Video Dragnet via AI soon a reality?

A dragnet investigation is an attempt to find a person or thing (such as a car) by defining a certain area and the physical aspects of the person or thing sought and systematically checking every matching person/thing one comes across.

And everyone remembers the 1987 film by the same name, right? Right?

If you've ever been in the UK, you'll know that they are - depending on the city you're in - probably the most videotaped people on the planet. Any public place, even in smaller outskirts of London, for example, have cameras pointing every which way. Makes you wonder just how many sit behind the monitors that all this video signal feeds into.

And while AI systems can do incredible things in identifying people by their faces (see this article from 2016), it is one thing to identify a stationary face nearly filling the available camera resolution. It is another, to identify a "perp" that walks tangentially to a video camera, maybe wearing a hat that shades part of the face.

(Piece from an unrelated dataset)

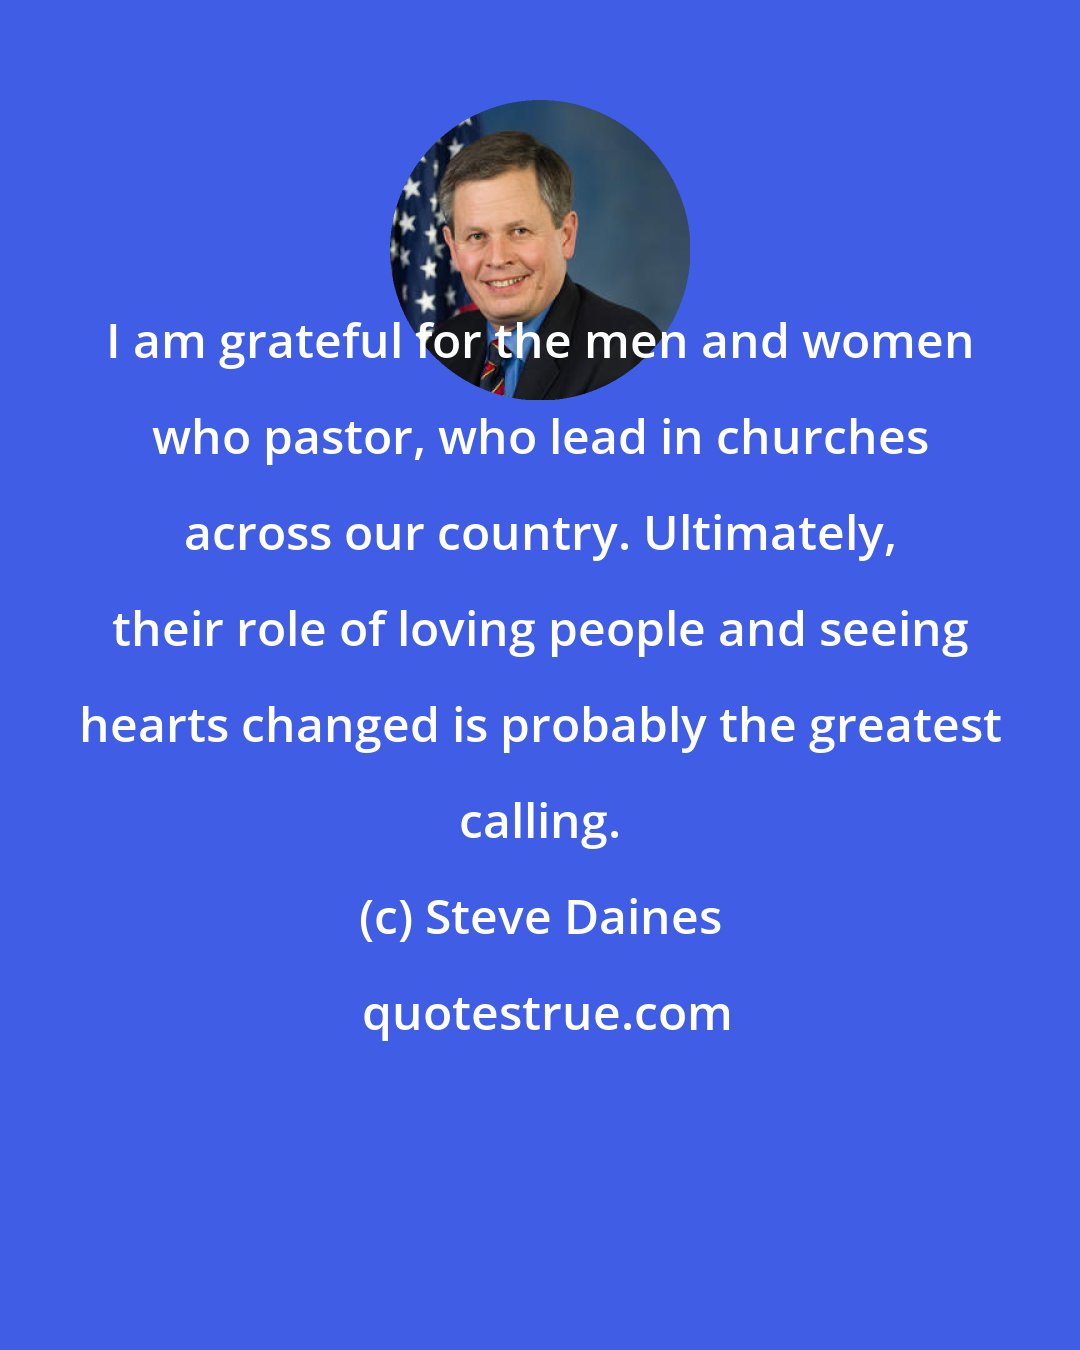 Steve Daines: I am grateful for the men and women who pastor, who lead in churches across our country. Ultimately, their role of loving people and seeing hearts changed is probably the greatest calling.
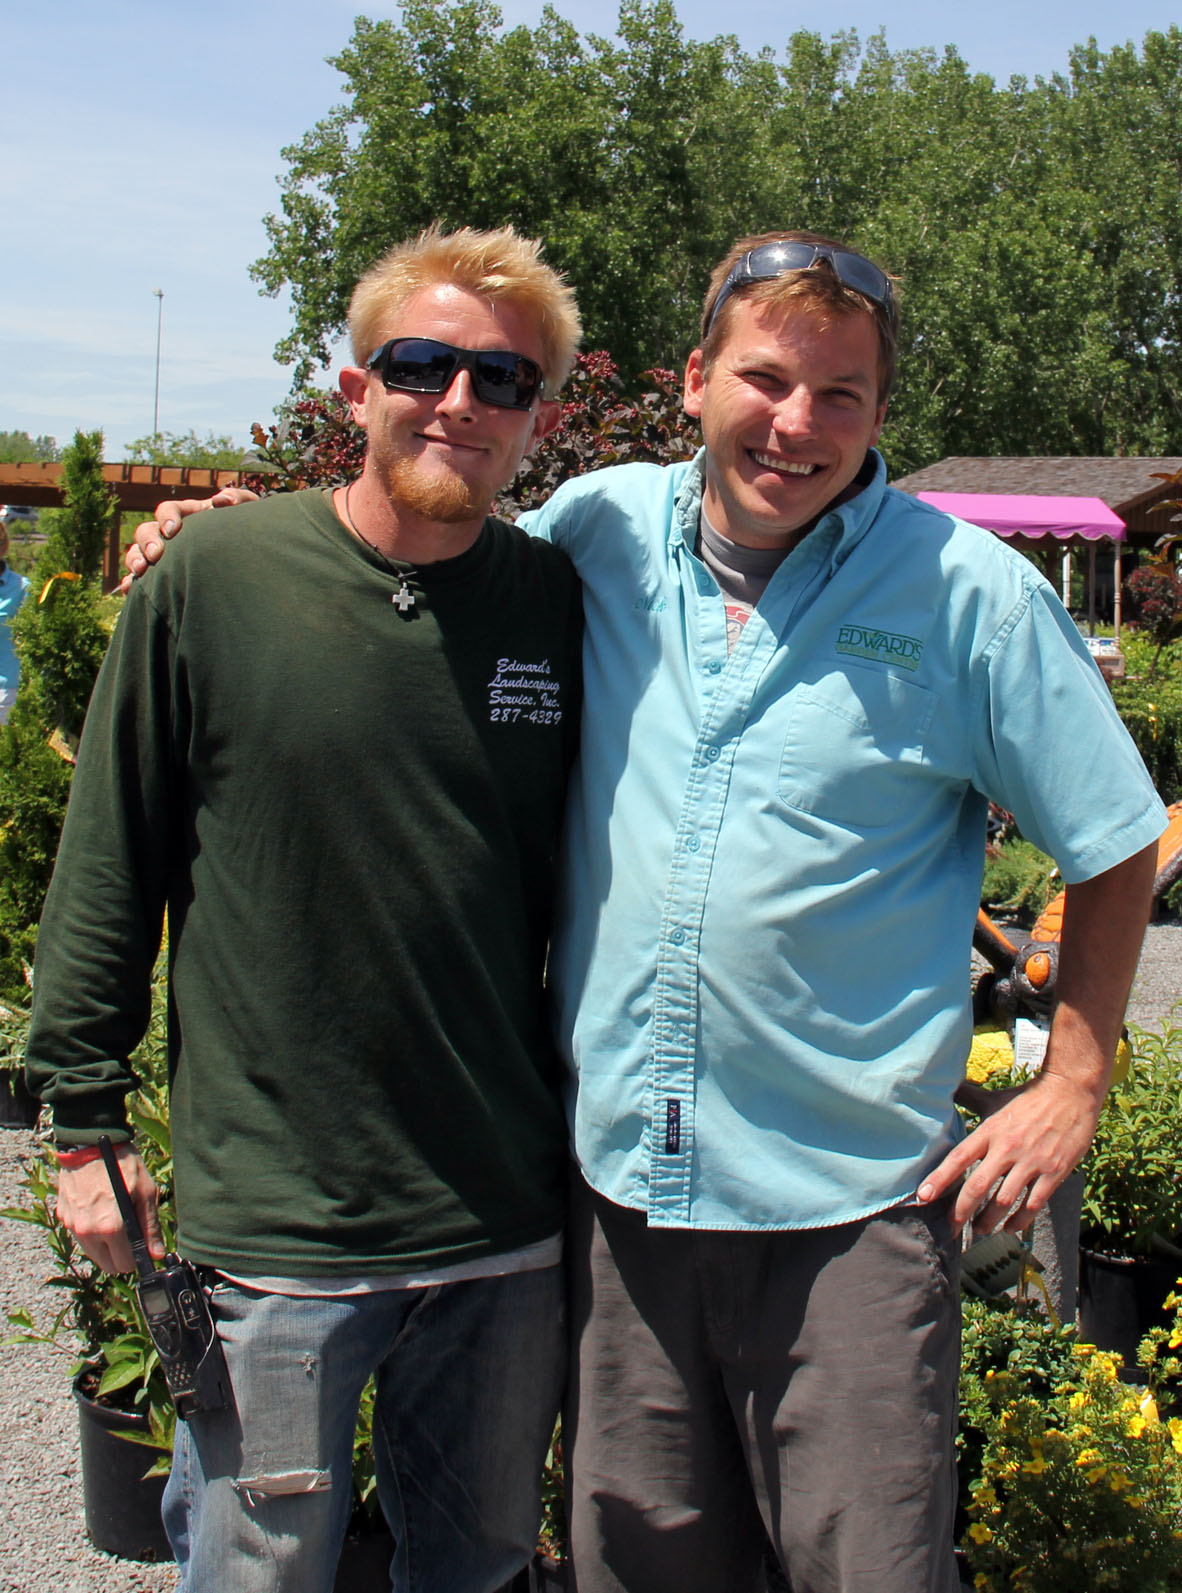 Edward's Garden Center has experienced & friendly staff members that are always happy to help.

Image classification tasks, when performed via neural nets, tend to require a huge amount of training data. This makes sense, after all we're talking about recognition of a matrix that may be 4 Megapixel and in color (at least 16, possibly 24 bits per pixel) - you do the math! And a huge learning set means hundreds or thousands of person-hours of manual tagging.

A method, invented by Ian Goodfellow during a discussion over beers in a bar, makes this huge learning set go away. The method is called "generative adversarial networks". In essence, the setup involves at least two AI systems that "play" against another. One AI (or set of AI) is called the "generative" side and the opposing AI is the "discriminative" side. With a basic training set in place, the generative side is triggered to produce pictures of birds, for example. To get the game going, the discriminator is presented with random images from the generator (bad) and real images that fit the training set (good). I.e. in this case a binary classification.

There is a feedback from the discriminator to the generator wether it classifies the picture as that of a bird. Award points are given, depending on which side "wins" each round. I.e. if the discriminator correctly identifies an images as incorrect, it gets a certain number of points. If the generator fools the discriminator, it gets the points. The goal of the game is, of course, to have the most points.

The method was introduced in 2014 and has taken the AI community like an Australian bushfire (you know - the one with the bushes that have oily bark). It is a simple and cheap method to introduce self-learning to AI systems, with minimal human intervention.

A lot has been done with the concept in the last three years, with one of the more recent research papers by Hang Zan (et al) introducing stacked GANs, where self-learning of image generation is pushed to incredible new resolutions. Have a look at the paper for some really incredible, 256x256 pixel full-color images of birds that were generated from a text description.

Where am I going with this? Well, one of the tools used by police in dragnet operations - in the case of a person search - may be a facial composite, based on the description of a witness or victim. Putting together one of these images requires experts with long years of experience, despite the availability of software that assists in the process.

What if one could throw the textual description of a perpetrator, ideally from multiple witnesses, into a stacked GAN and have it spit out a selection of composites to use in the dragnet operation? And with many cities - especially in the UK - wired with high coverage for video surveillance, one could then use these images in another stacked GAN that analyzed them in comparison to still images from the video feed. Surely, this will require more TPU-like power to do properly, but give it another 5 years and with Moore's law, we should be there.